Seems inline with other implementations.
Had to look up: https://en.wikipedia.org/wiki/Zero_to_the_power_of_zero#IEEE_floating-point_standard #Resolved

This is documented in the md file (line 57). Do you think it needs to be made clearer?

In reply to: 360956933 [](ancestors = 360956933)

No, looks good to me.
Mainly was noting so others don't have to look up the normal output for 0^0. #Resolved

justinormont · 2019-12-23T17:55:40Z

src/Microsoft.ML.Transforms/Expression/BuiltinFunctions.cs

+            }
+            catch (OverflowException)
+            {
+                throw Contracts.Except("Overflow");


Would we be better with saturation arithmetic instead of throwing on overflow? Might be more of a PM-ish question of: is it better for a ML package to throw on semi-bad input or should we just do our best? I'm worried that this will throw in production when a model receives an unexpectedly large input (ML data is dirty).

Suggested change

throw Contracts.Except("Overflow");

res = (neg ? Int64.MinValue : Int64.MaxValue);

justinormont · 2019-12-23T18:01:25Z

src/Microsoft.ML.Transforms/Expression/CharCursor.cs

+            // If someone is peeking at ich, they should have peeked everything up to ich.
+            Contracts.Assert(0 < dich && dich <= _ichLim - _ichNext + 1);
+
+            int ich = dich + _ichNext - 1;


Are our variables names in German?

"ich" => "I"

"dich" => "you"

Nothing to fix. Just an interesting note.

justinormont · 2019-12-23T18:37:26Z

src/Microsoft.ML.Transforms/Expression/TokKind.cs

+        From,
+        All,
+        Where,
+        Convolve,


Are the Net# tokens being kept for internal compatibility? Otherwise we could remove the non-used tokens.
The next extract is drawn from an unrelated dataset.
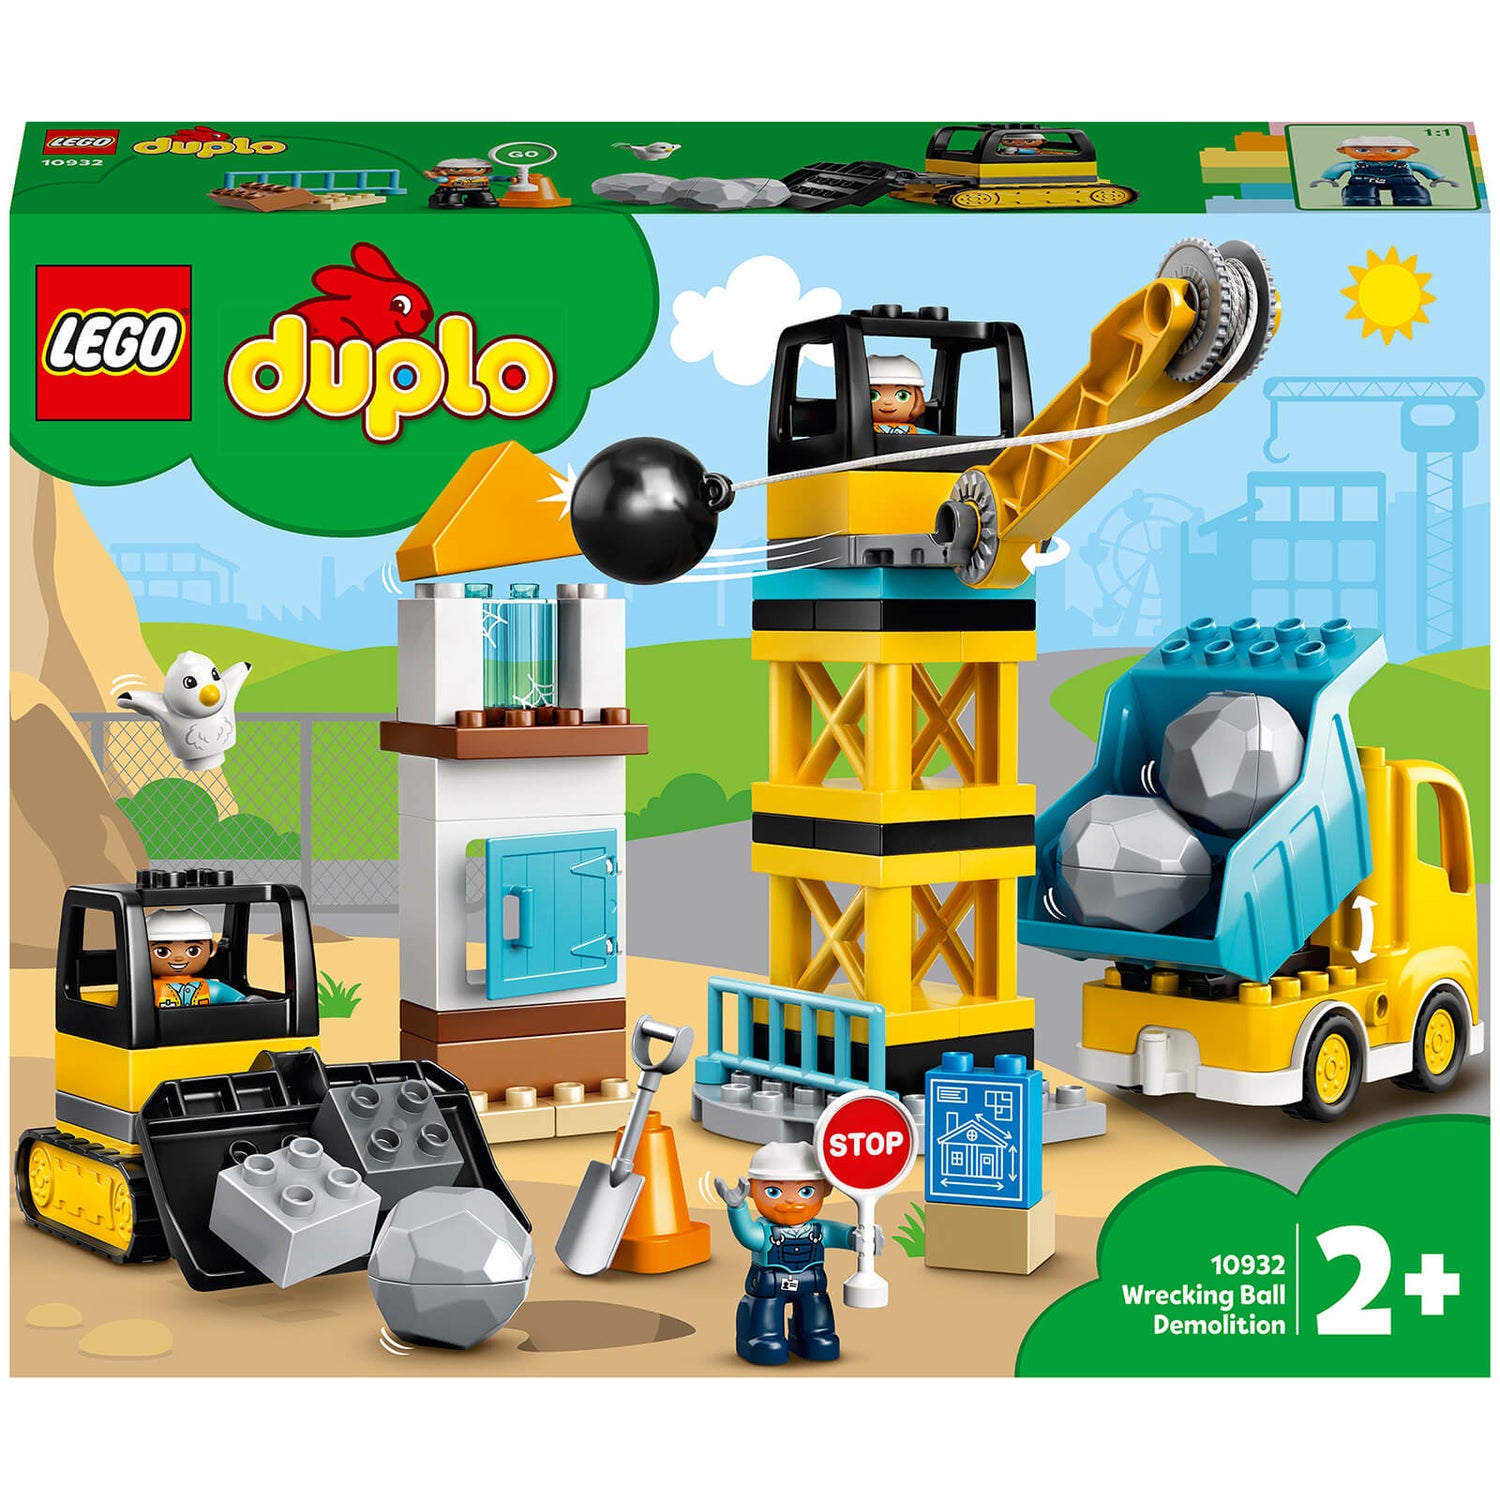 Jong werkgelegenheid compact LEGO DUPLO Wrecking Ball Demolition Construction Set (10932) Toys - Zavvi US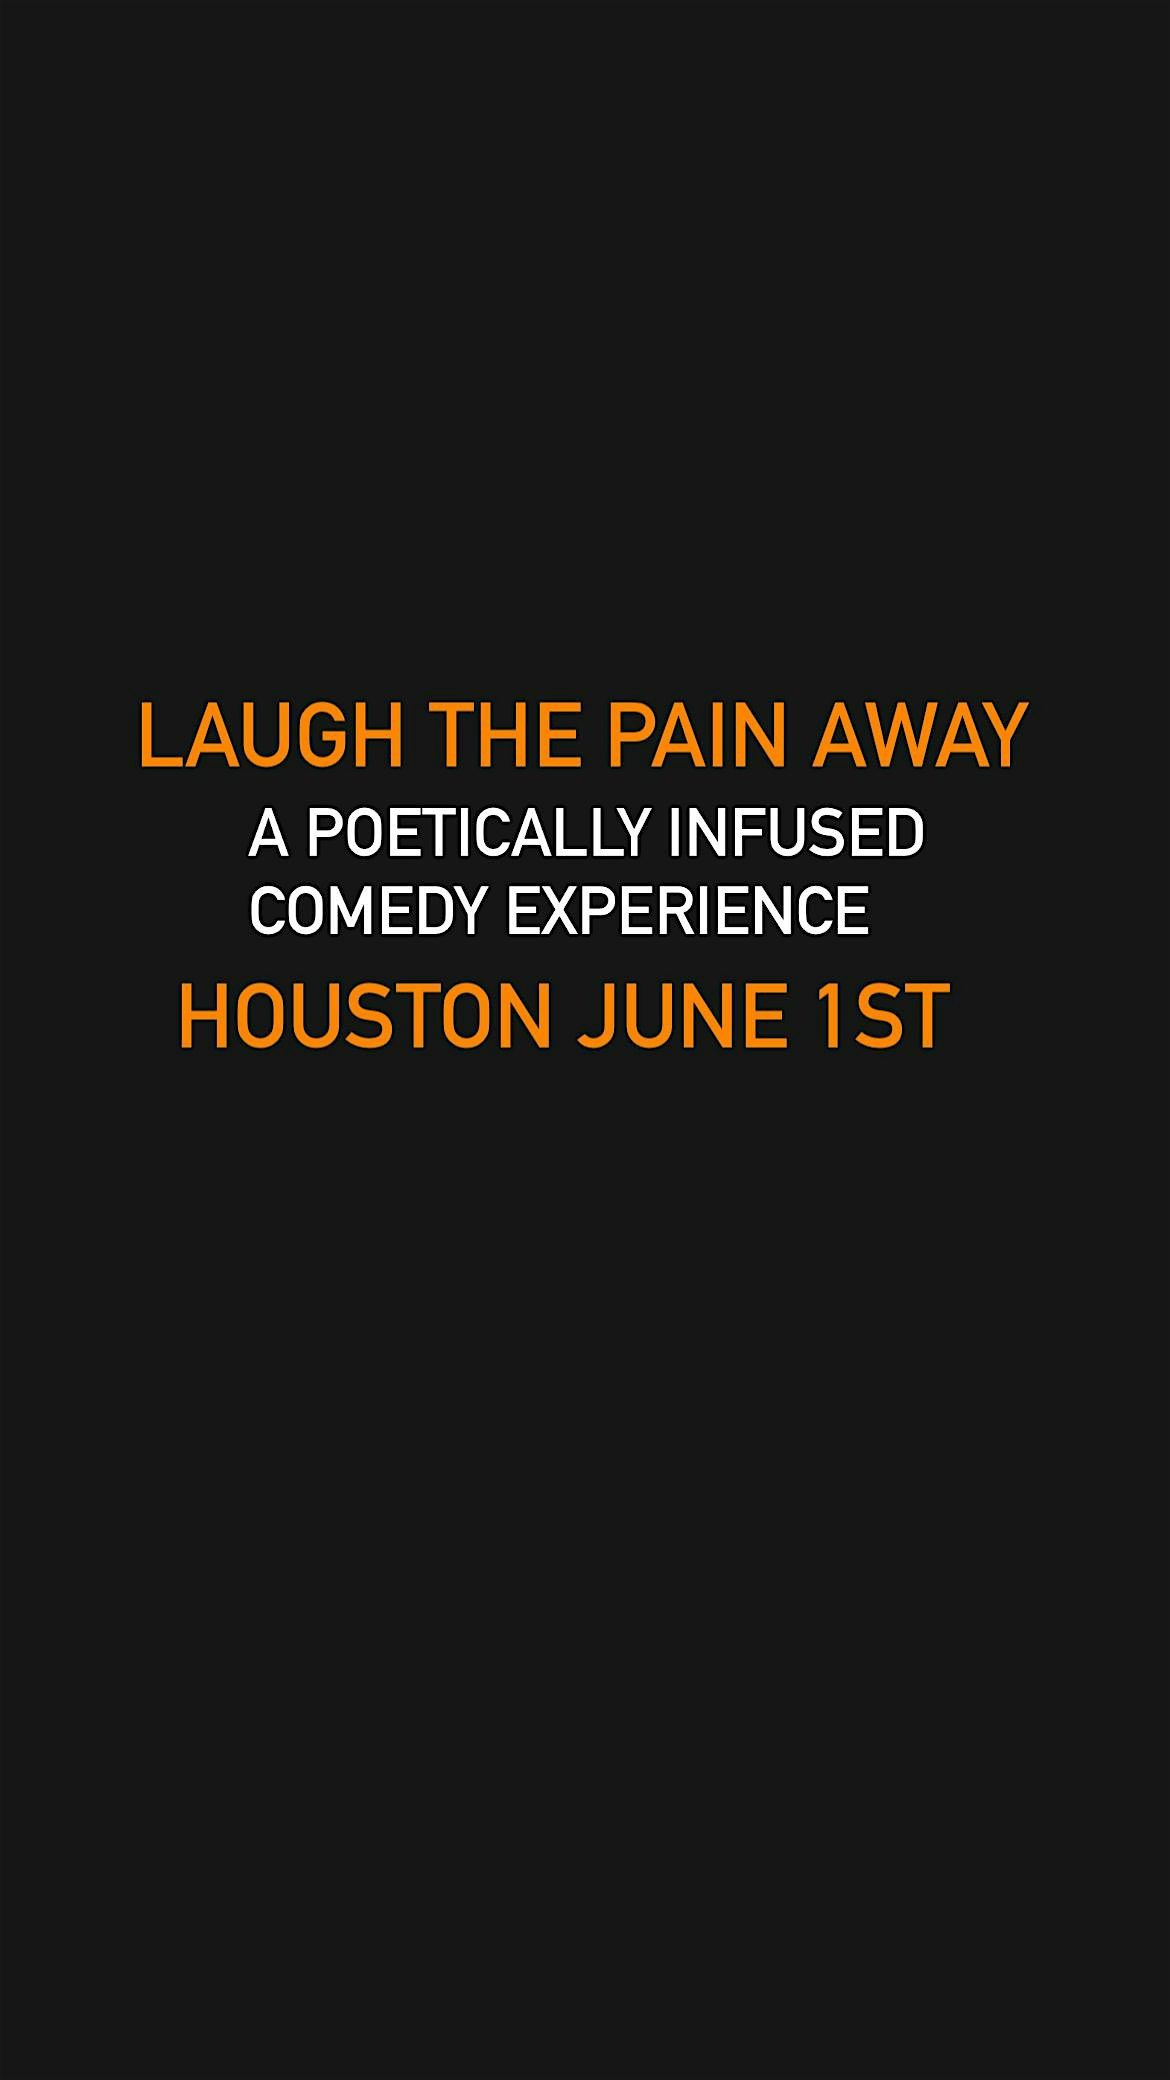 LAUGH THE PAIN AWAY HOUSTON!!

Resolved in follow-up PR: https://github.com/dotnet/machinelearning/pull/4614/files#r362319272

#Resolved

justinormont · 2019-12-23T19:38:10Z

test/Microsoft.ML.Tests/Transformers/ExpressionTransformerTests.cs

+            Assert.Equal(7, transformed.Schema["Expr6"].Type.GetValueCount());
+        }
+    }
+}


Thanks for the riveting 406 page PR! Truly epic.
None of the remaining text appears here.